The word “crippling”, cannot, in fact, be used to refer to a form of progressive movement — that usage does not exist in the English language. Did Fritz Leiber know that? Probably. Did he care? Nope. “Chutzpah” as a term was probably invented by someone who had just read a Fritz Leiber story. But Leiber gets away with it because he leaves you with images — hordes of impaled and crucified priests, crippling across an endless desert, for instance — that you will never forget.

Finally, some dialogue from Byan Lee O’Malley’s Scott Pilgrim and the Infinite Sadness, which is a graphic novel and thus not real writing at all:

The protagonist Scott is getting his ass kicked by his nemesis, Todd, who has psychic powers because of his vegan diet. Todd’s girlfriend Envy, who has just learned Todd cheated on her, is watching.
Scott: “I can’t even get near him! I need some kind of…like….last minute, poorly set-up deus ex machina!!!”
Immediately prior to this, Scott was almost — but not quite — rescued by an intervention that can only be described as a last minute, poorly set-up deus ex machina… so… wait a second…
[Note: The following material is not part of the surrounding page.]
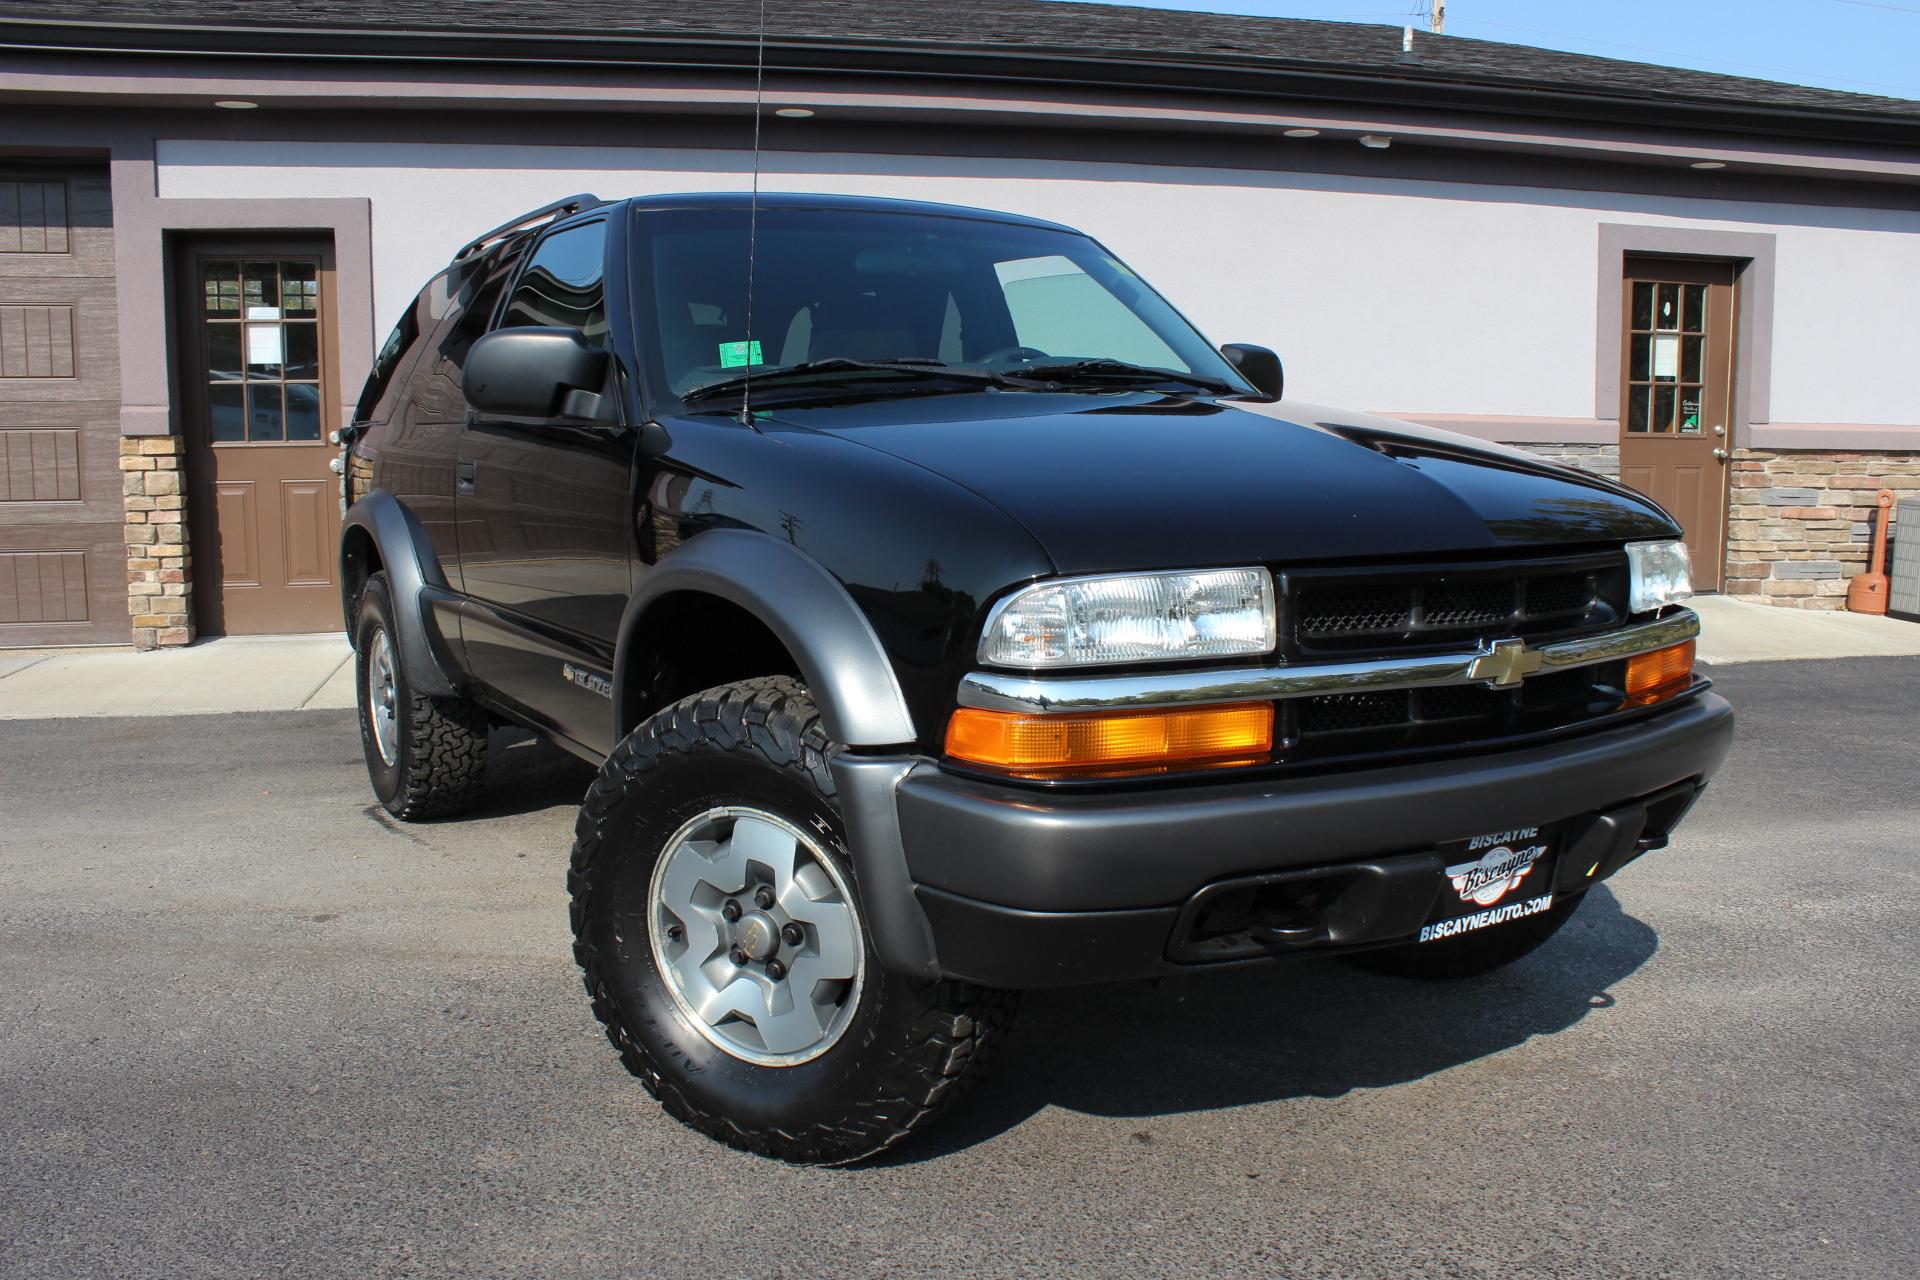 2002 chevrolet blazer ls zr2 biscayne auto sales pre owned dealership ontario ny 2002 chevrolet blazer ls zr2 biscayne

Two men pop up out of nowhere.
“FREEZE!!”
“VEGAN POLICE!”
They are pointing their fingers at Todd as if they were holding imaginary guns.
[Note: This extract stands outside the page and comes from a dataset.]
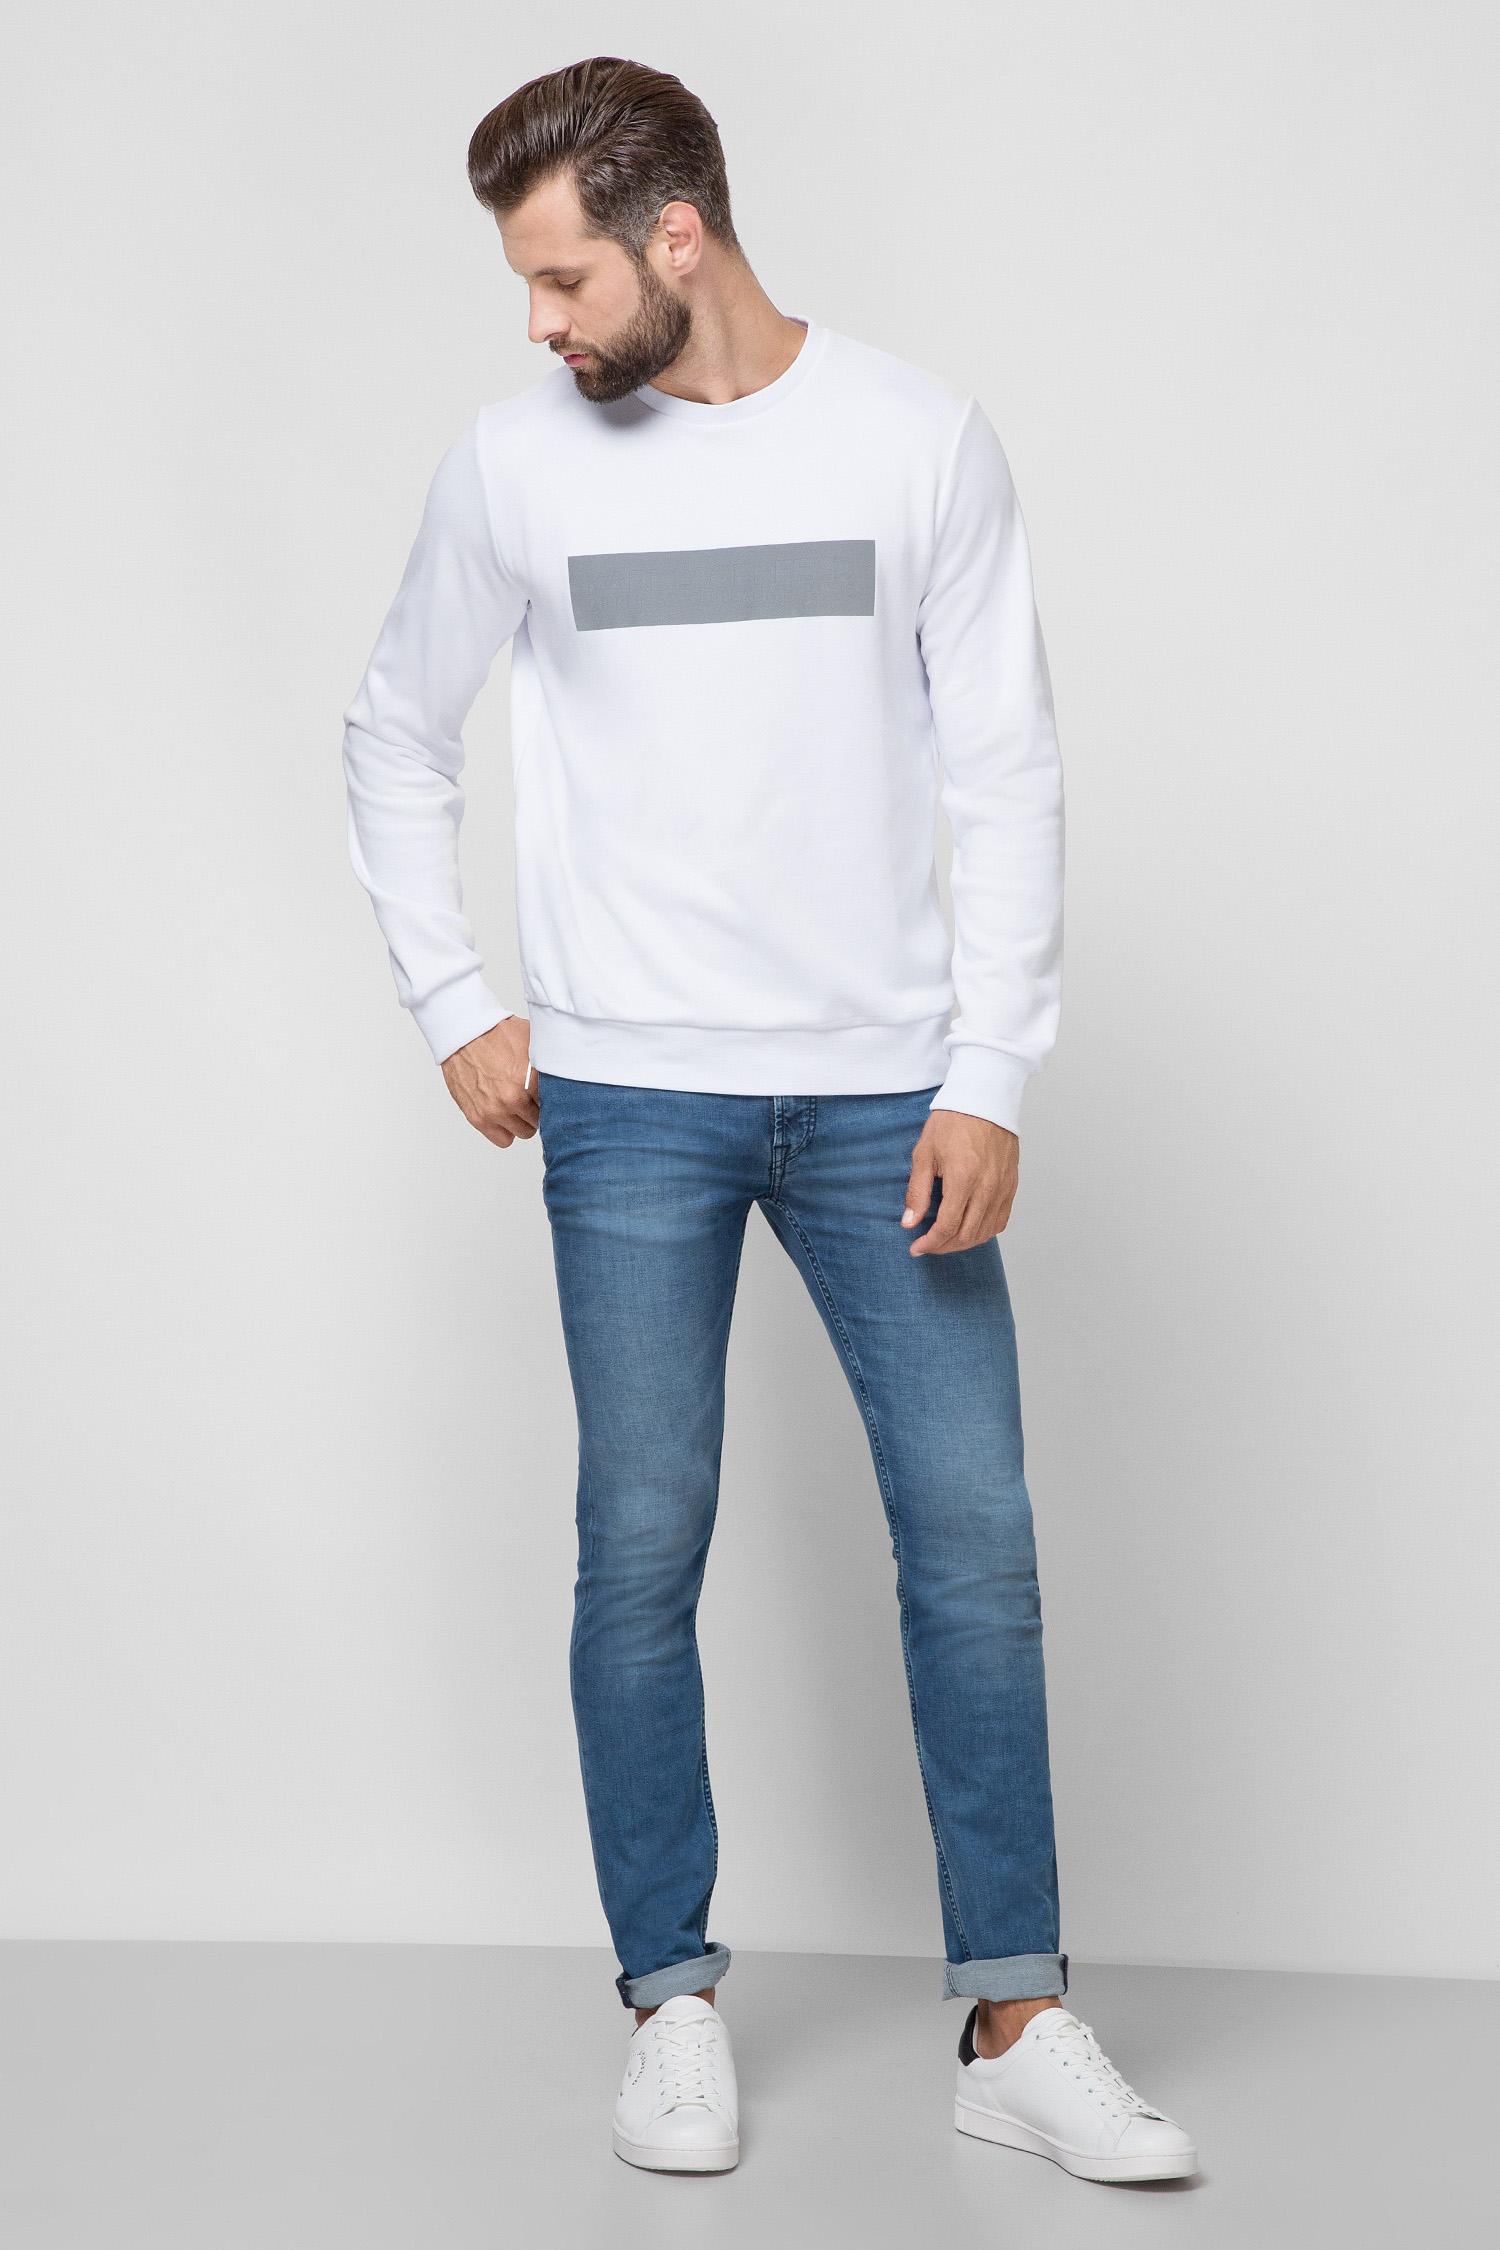 Мужской белый свитшот Karl Lagerfeld 501900.705023;10

Cop 1: “Todd Ingram, you’re under arrest for veganity violation!”
Todd: “What’d I do? What authority do you represent?! YOU CAN’T DO THIS! I DIDN’T DO ANYTHING! YOU CAN’T PROVE ANYTHING! I’M A ROCK STAR!
Cop 2: “We have it on record that at 12:27 this afternoon you did knowingly consume a restricted food item.”
Cop 1: “Gelato, bitch.”
Todd: “What? It… it wasn’t me!”
Envy: “Hang on… Are you saying gelato isn’t vegan?”
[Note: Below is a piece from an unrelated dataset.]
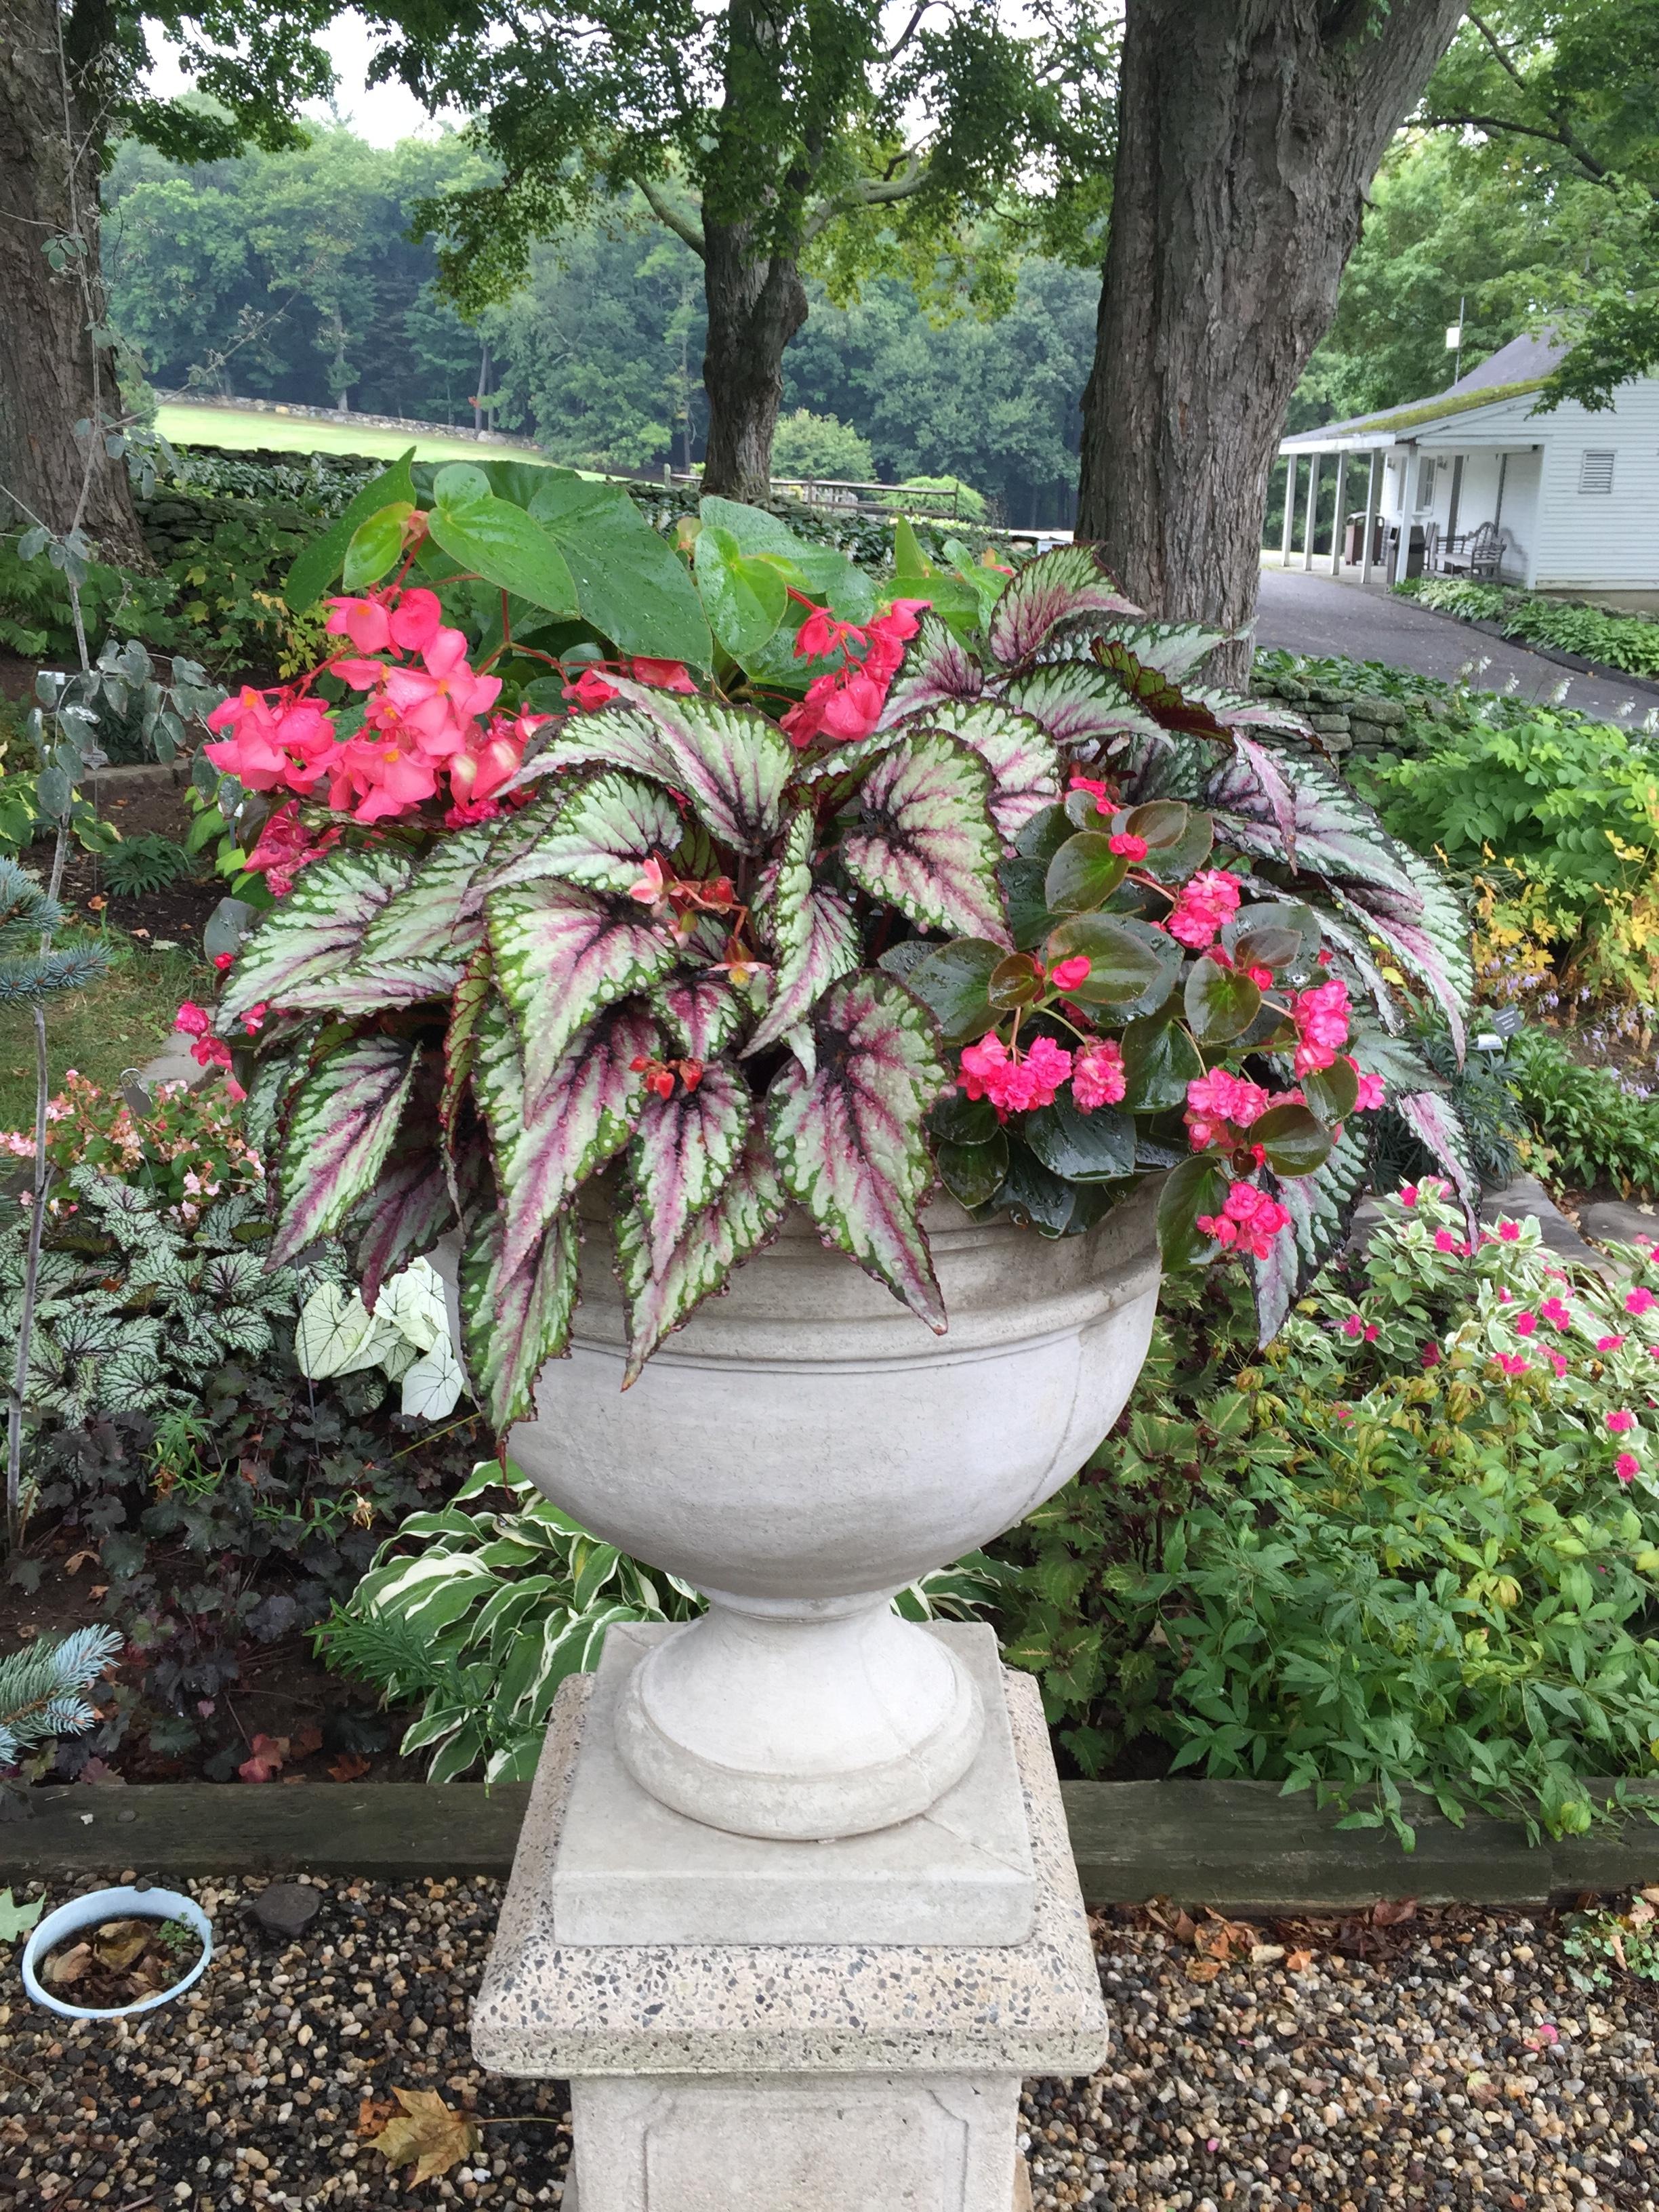 Campania Montgomery Urn with Begonia rex Salsa, Begonia Gumdrop Coco Rose, and Begonia Dragon Wing Pink

Cop 1: “It contains milk & eggs, ma’am.”
Envy (thinking to herself: “it sounds delicious”)
Envy: “…is chicken parmesan vegan?”
Cop 2 (aside): “Is it?”
Cop 1: “I’m not sure. Isn’t ‘parmesan’ like a rodent or something?”
Envy (pounding on Todd): “YOU LIED TO ME!!!!”

There is so much WTF in this passage I can’t even begin to parse through it. And yet the logic — in regards to the salient plot details, and more subtly, Envy and Todd’s respective reactions in light of their characters — stands up flawlessly. Dadaist it may sound, but it’s constructed as carefully as any scene in a Eugene O’Neil or Arthur Miller play. And if you didn’t know what a parmesan was, wouldn’t you think it sounds like a type of rodent?